When And How To Use A Baby Nasal Aspirator?
Submitted by Nick on December 20, 2013
To the uninitiated, nasal aspirators for babies may look like mini torture devices! Used to clear a stuffy nose and relieve any discomfort caused by a cold, your baby may not like this procedure of cleaning out his nose too much but it will make it easier for him to breathe, sleep and even eat.
Pregnancy And Baby Care Questions
Rubber ball syringes are often included in the newborn kit that the hospital gives you. These are usually the basic models but do an adequate job for the purpose. If you look online, you will also find a host of more ‘advanced’ models such as nasal aspirators.
While these are more expensive than the normal ball-syringe model, they do cause less distress to your baby and are usually more effective in removing nasal mucus.

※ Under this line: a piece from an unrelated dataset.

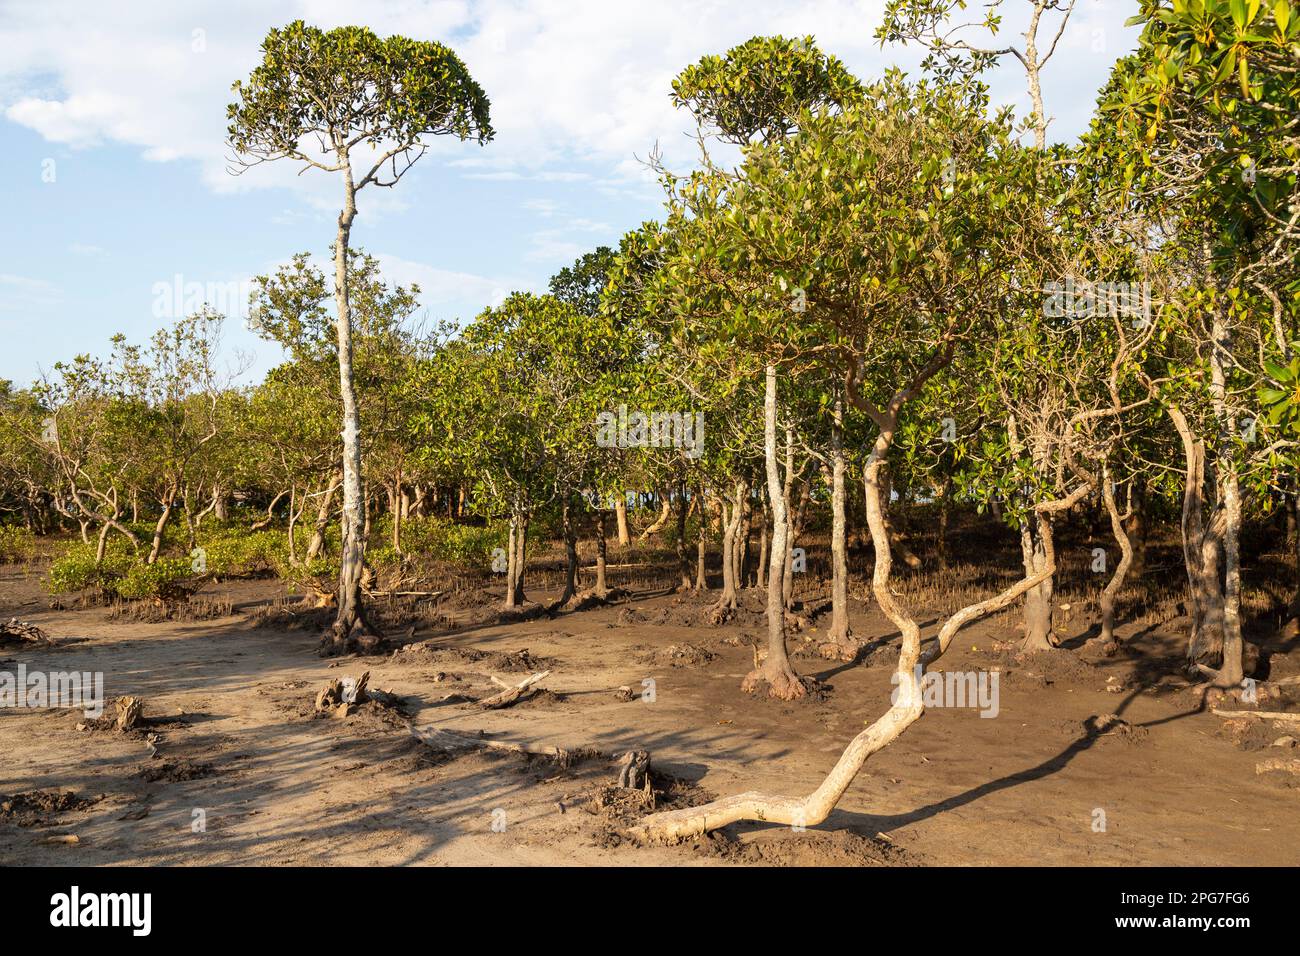 Una stalla mista di mangrove nere (Bruguieria gymnorrhiza) e mangrovie bianche (marina di Avicennia) nelle paludi di mangrovie di Mntafufu Foto Stock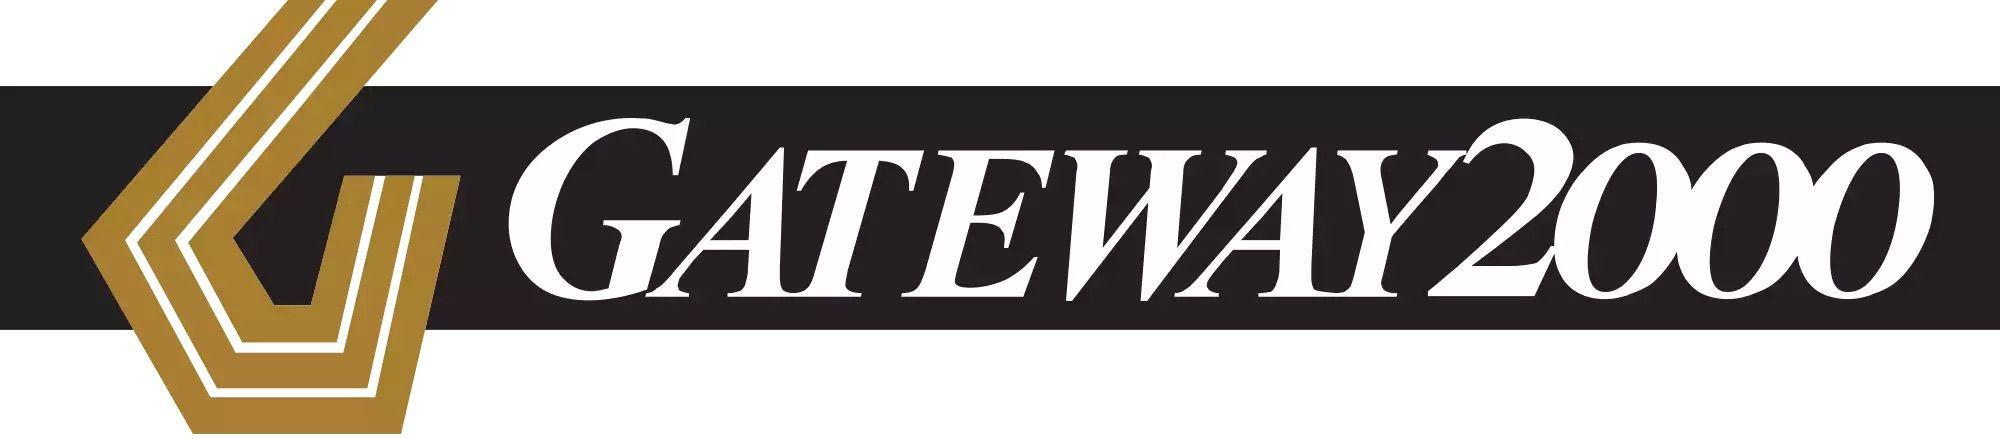 Gateway Logo - This Gateway 2000 logo : nostalgia

When do you use a nasal aspirator?
If your baby is suffering from a stuffy or runny nose and as a result is not sleeping or eating well or is taking time to respond to cold medications, it may be time to use a nasal aspirator and hurry along the recovery process.
Now that you know when to use a nasal aspirator, the next big question is how exactly do you use it. As jittery first time parents, its easy to be intimidated by any device or product that you use on your precious baby. Simply follow these steps for an easy fuss-proof way to clear a stuffy nose:
Prep your baby for the procedure – Many doctors suggest using a saline solution in the nose in order to loosen up any hardened mucus and to allow for easy suctioning. You can buy nasal saline solution for babies at your local pharmacy or you can make your own by dissolving a quarter teaspoon of salt in eight ounces of warm (not hot) sterilized water. Store this solution in a covered jar and make a new batch every day. Lay your baby down on her back and tilt her chin up slightly. Place one or two drops of saline solution in each nostril. You can do this with an eyedropper for the best results. Though this may be difficult, keep your baby’s head tilted back for a few minutes to prevent the saline solution from dripping back.
Use the aspirator – Most nasal aspirators consist of a nozzle that you insert (gently) into each nostril, a long soft tube that connects the nozzle with the mouthpiece and the mouthpiece that you use to suck the mucus out of the nose with. Do not worry – there is a filter that blocks mucus and bacteria from entering your mouth while you use the device. Hold the device at a slight angle with your thumb placed at the bottom. Press the aspirator all the in BEFORE you place it in the baby’s nose. Lay your baby on her back and have someone hold her to prevent her from moving while using the aspirator. Insert the tip of the device into a nostril while the aspirator is pressed completely down. Release your thumb to create suction and remove extra mucus. Wipe the mucus on a tissue and repeat with the other nostril.
Take care – Avoid using a nasal aspirator more than two or three times a day or you risk irritating the delicate nasal lining. Saline drops should not be overused as well as in the long run they can dry out the nose and cause more damage. Do not press down too hard as extra suctioning may lead to bleeding or inflammation of the nasal passages.
Most aspirators are meant for single use only and should be thrown out to prevent cross contamination. Do not share one piece between children and replace with a new device every few months as well.